EXERCISE INSTRUCTIONS: Repeat the data that follows exactly, starting at the line with "Ramp v1 0 0" and ending at the line with "Kailua Church United", and leave out every picture.

DATA FOR ANALYSIS:
--- START ---

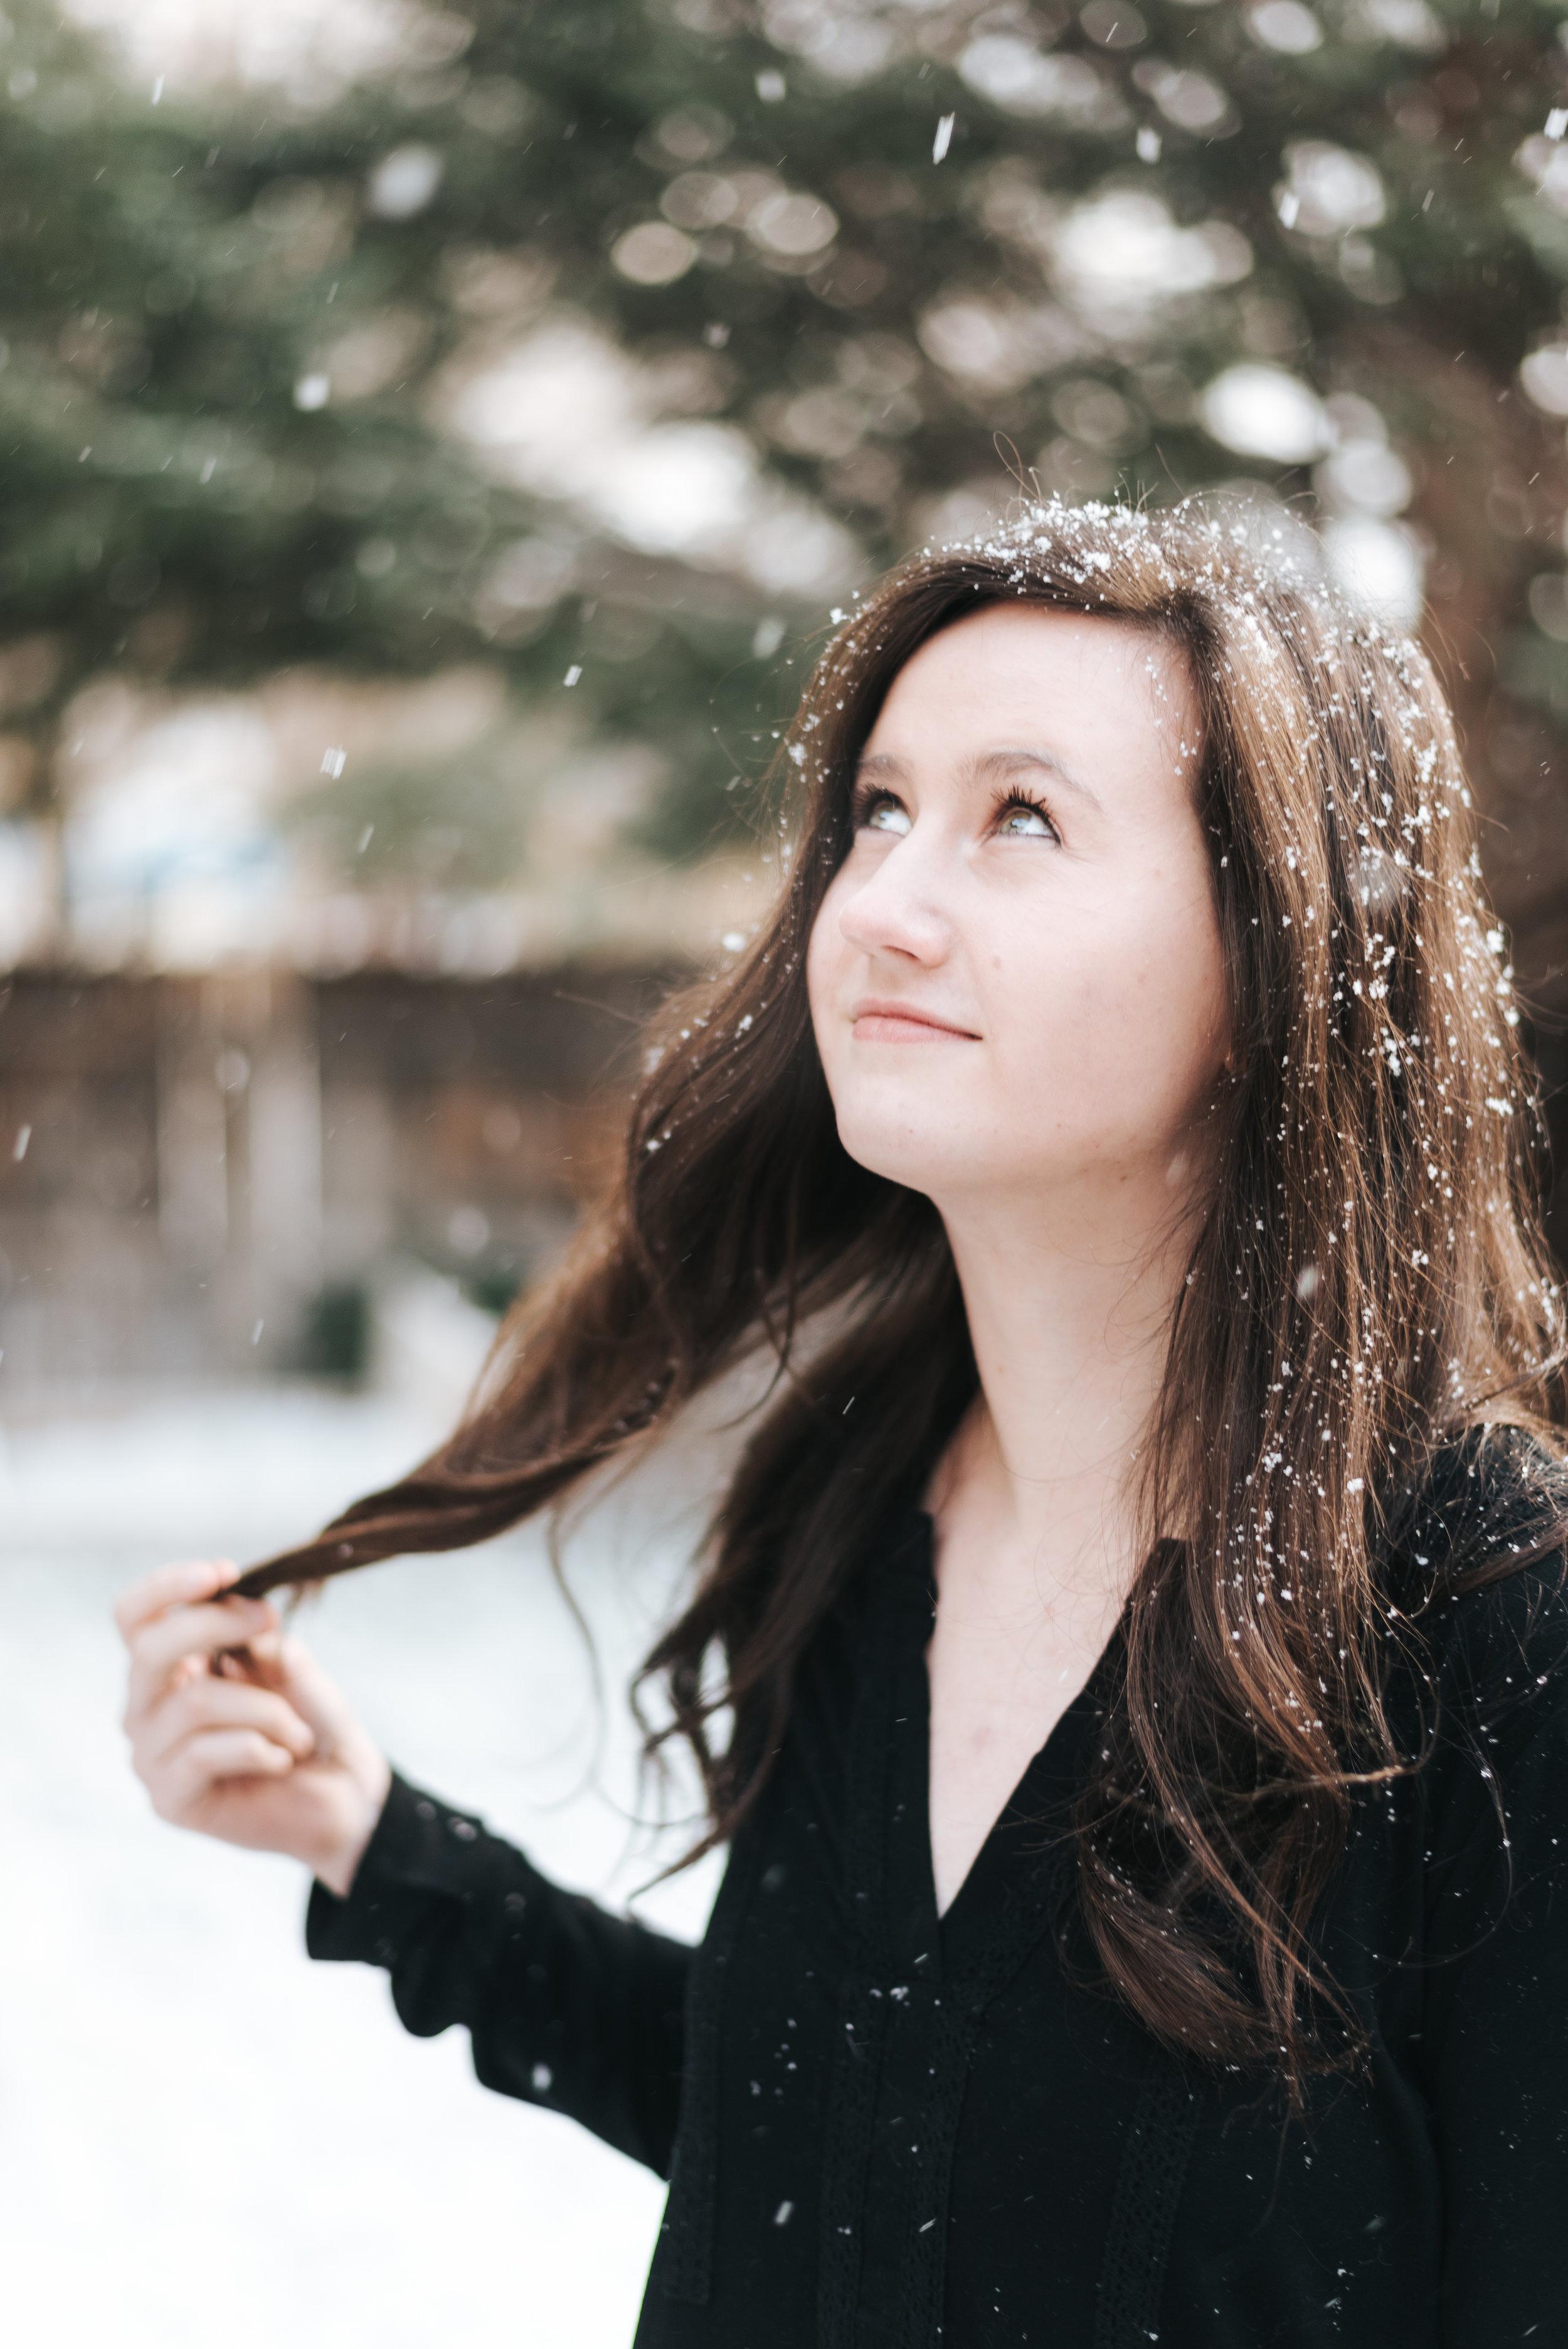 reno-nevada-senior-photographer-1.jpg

--- END ---
--- START ---

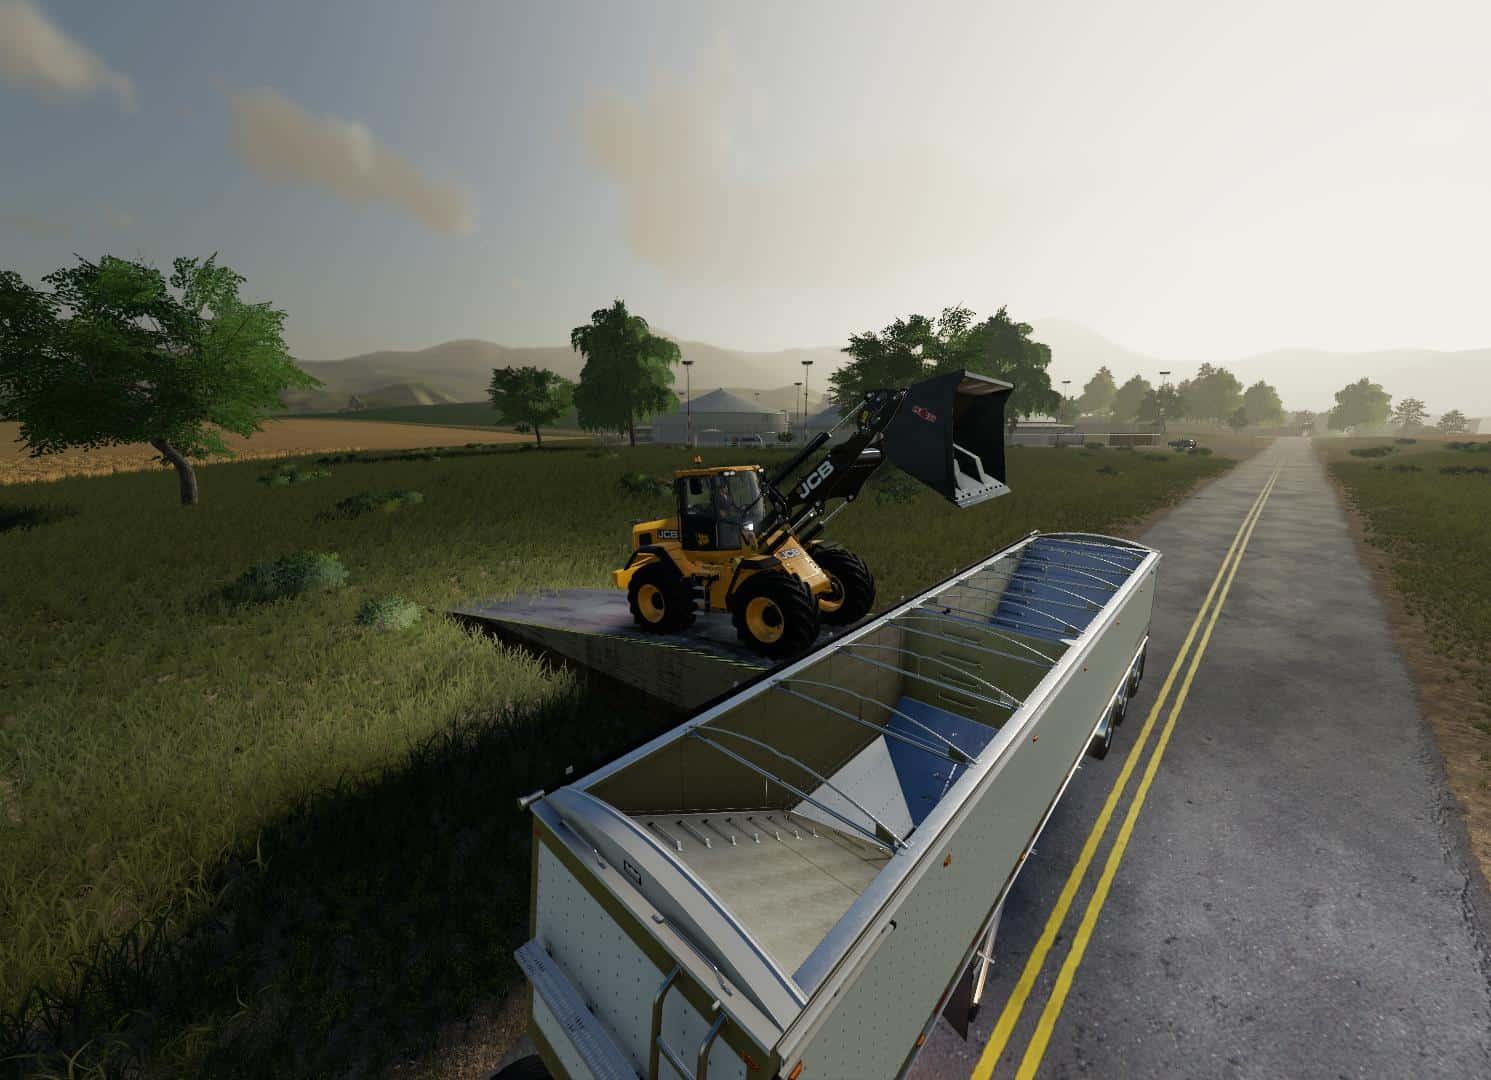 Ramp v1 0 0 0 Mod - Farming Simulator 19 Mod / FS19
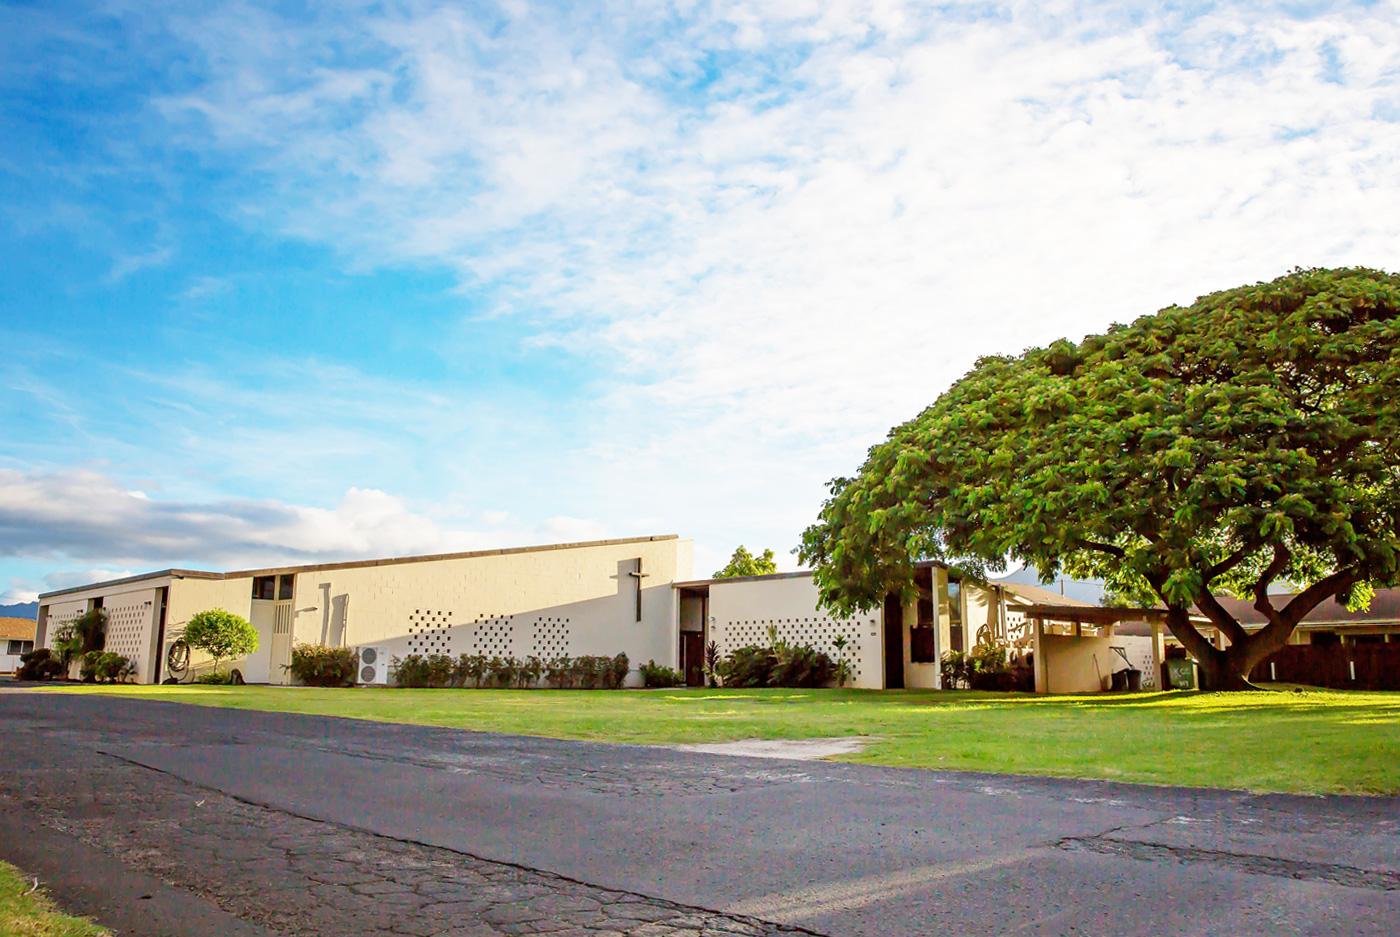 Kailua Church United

--- END ---
--- START ---

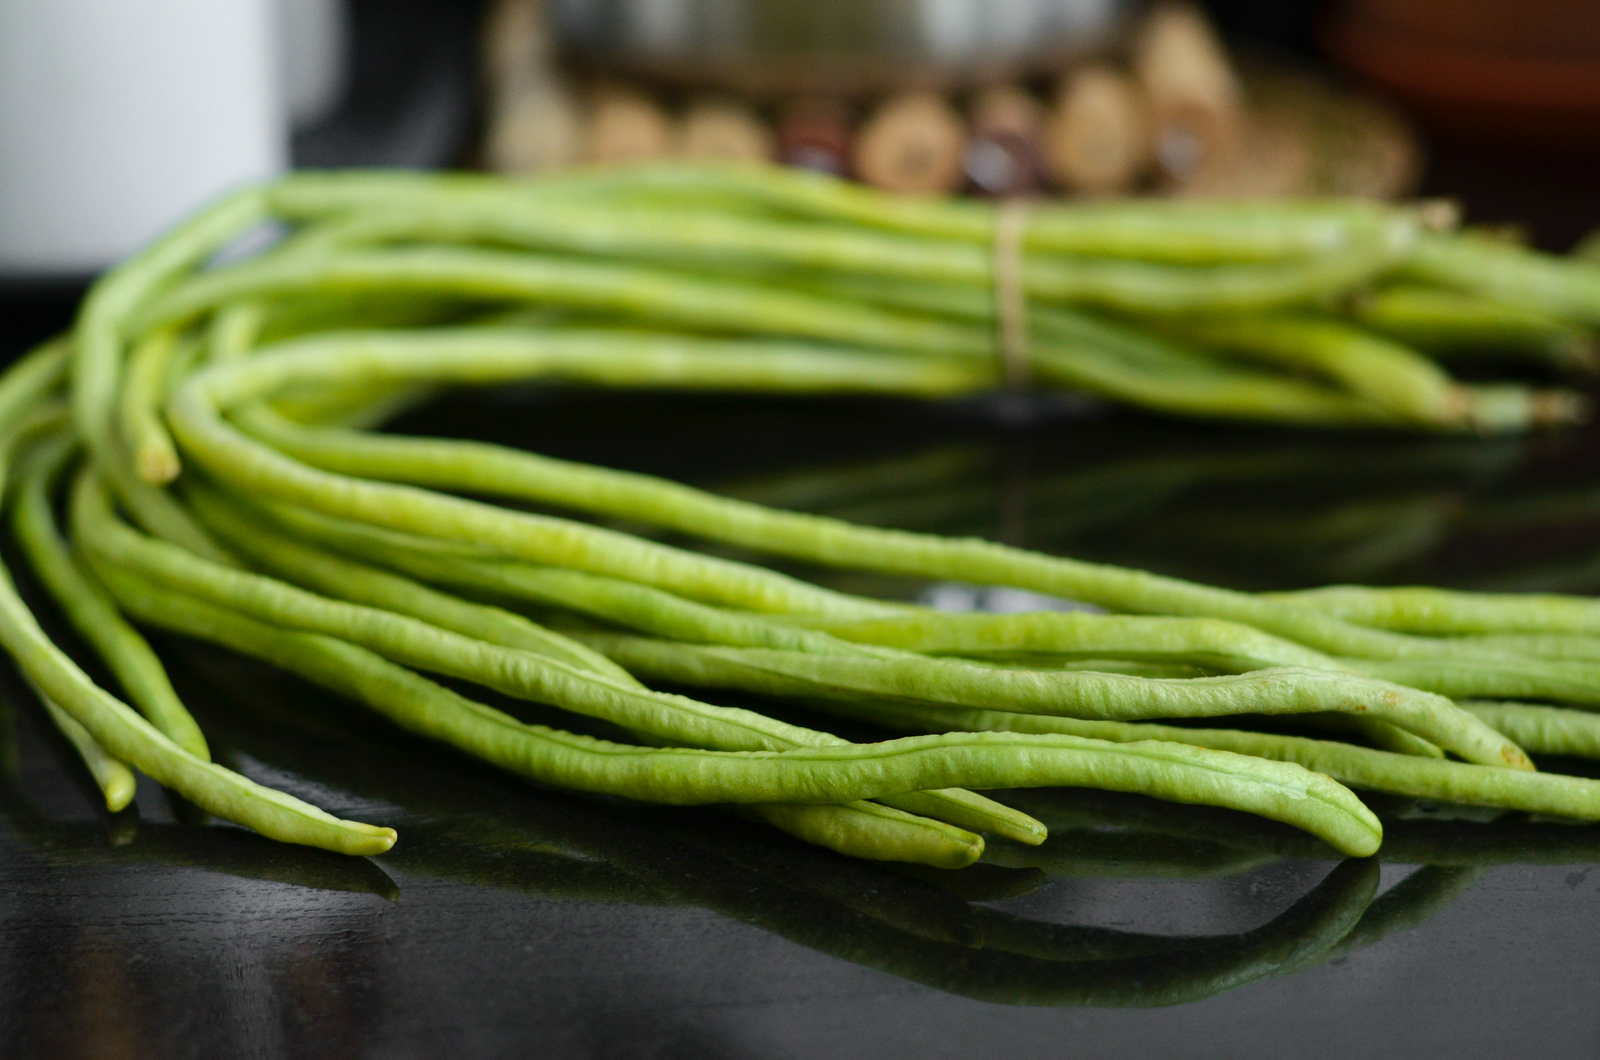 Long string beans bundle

--- END ---

EXERCISE SOLUTION:
 Ramp v1 0 0 0 Mod - Farming Simulator 19 Mod / FS19
 Kailua Church United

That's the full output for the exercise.